Of the three projects, JFK seems the most beholden to its immediate forbears, and LA BAS comprises ten punchy, aggressive tracks that distill the murky malevolence of TG and SPK with Whitehouse’s more rambunctious, fast-paced assaults with a hint of Cabaret Voltaire mutant swing thrown in for good measure. And yet, as young as diFranco was at the time (the album covers ages 15 to 20, fer chrissakes! When I was 15, I was just beginning to learn that ‘Blue’ by Eiffel 65, and at 20 was pretending to hate Pink Floyd to annoy my mates), it is never overtly derivative of his better-known forbears, so most comparisons only serve to give an idea of his overall sound, but can’t hope to get to the heart of what makes JFK so infectiously enjoyable, even in its most sinister moments.

From the moment the album (and it feels more like a cohesive long player than a compilation) jumps out of the speakers with grinding instrumental ‘Big Fat Sin’, it never relents, careering forwards with a verve and aggression that is positively punk, and indeed actually reconnects power electronics to its roots in that genre. ‘Omen’ introduces diFranco’s vocals, which rarely crop up on other projects, which is a shame as he has the kind of snotty snarl that the likes of Stephen Mallinder and Mars’ Sumner Crane wielded so effectively. The vocals are mixed low, so deciphering the lyrics is tricky, but diFranco’s delivery conveys an enormous amount regardless, pitched somewhere between menace and youthful romanticism, the voice of someone turned cynical at a young age.

One of the album’s standout moments, ‘Aktion In A 10/6’ crystallises the aura of JFK into seven hard-hitting minutes of frothing post-punk. Over metronomic, stripped-down drum machine beats, diFranco unleashes torrents of blurry feedback and howls dejectedly like an alternately threatening and distraught rejected lover. The abstract lyrics convey the same sort of sexual violence that emanates from The Velvet Underground’s ‘Venus In Furs’, but with an added sense of disenchanted romanticism.

The pace of the track, compared to more frenetic tracks like ‘Omen’ or the almost catchy ‘Sexodus’ (which is bolstered by mad guitar riffage and noise from Skullflower’s Matt Bower), is slovenly and repetitive, the kind of industrial grind that makes the genre so challenging and refreshing at once. The album’s centrepiece, meanwhile, is the 12 minute noise and found sample collage ‘Will To Love’, a work so belligerently obtuse and abstract that it can’t fail to evoke Throbbing Gristle at their most deconstructed.

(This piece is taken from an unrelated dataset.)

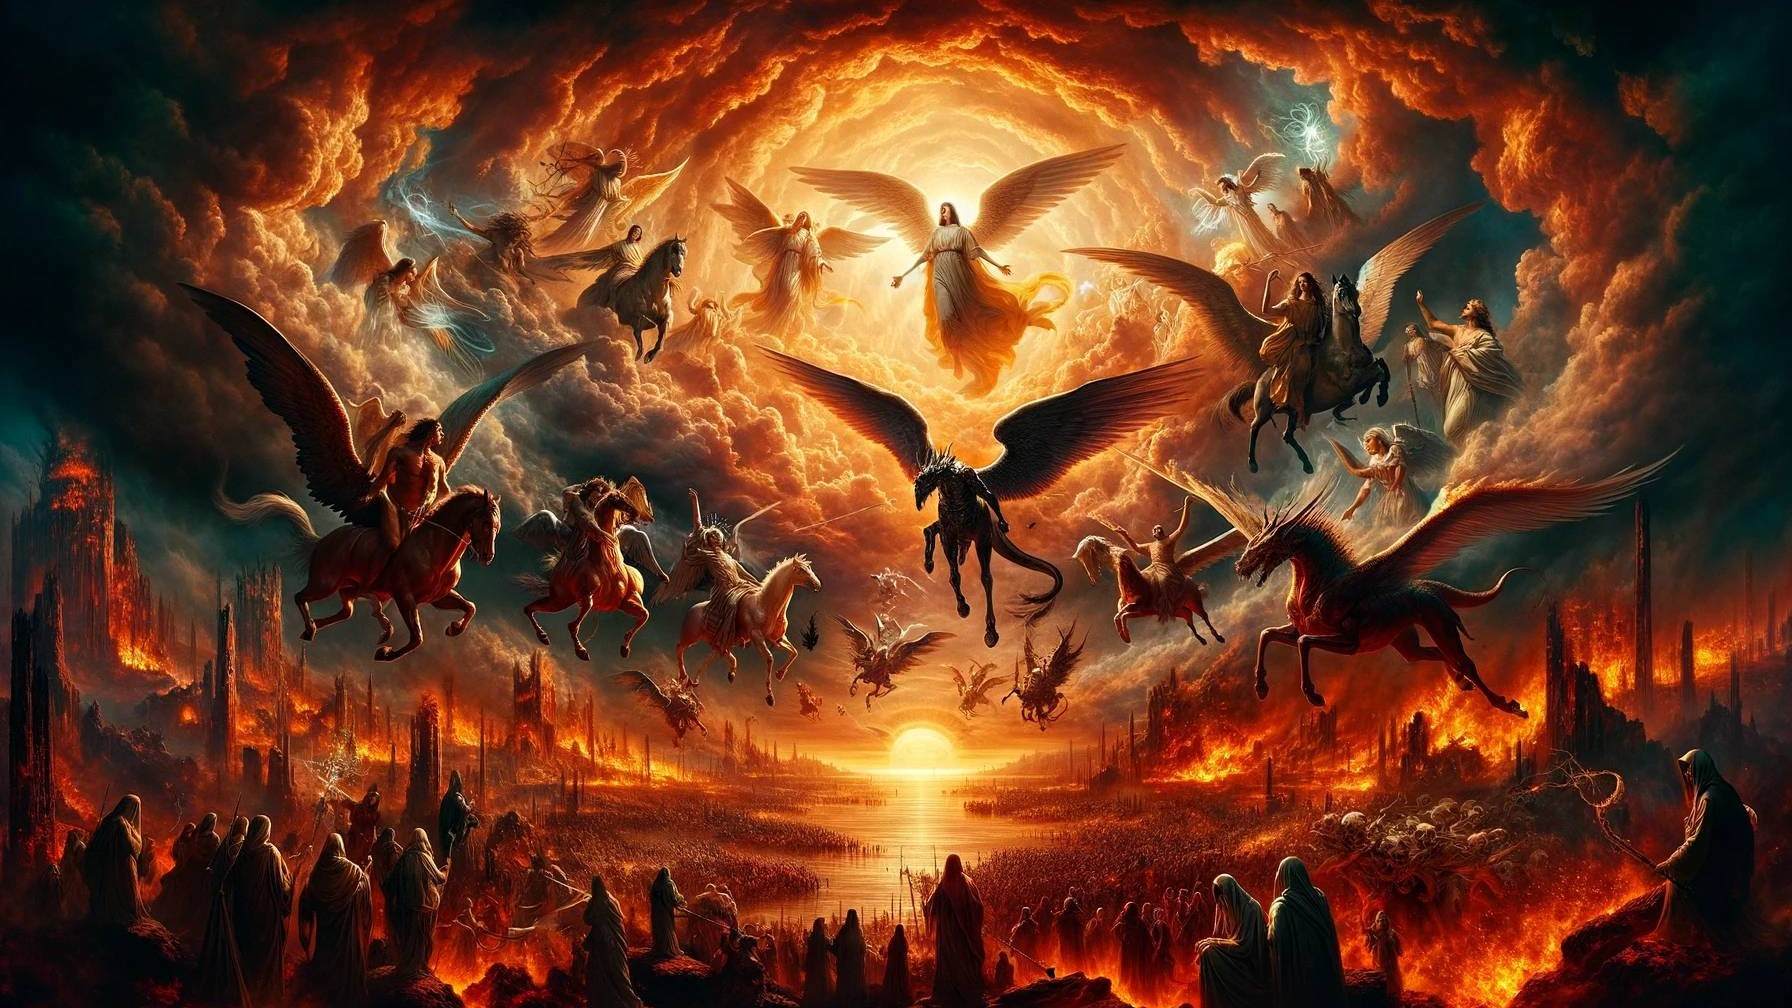 What Are The Three Main Themes Of The Book Of Revelation?

LA BAS is the sound of a man still finding his feet, yet already so confident in his vision that it deserves to be recognised as an industrial masterwork like those of some of the aforementioned bands. Balancing infectious punk-rock structures with fierce noise, abstraction, drone and atonal textures, Anthony diFranco comes up with something truly hybrid that has endured the test of time far better than quite a number of his better-known contemporaries such as 23 Skidoo and Clock DVA.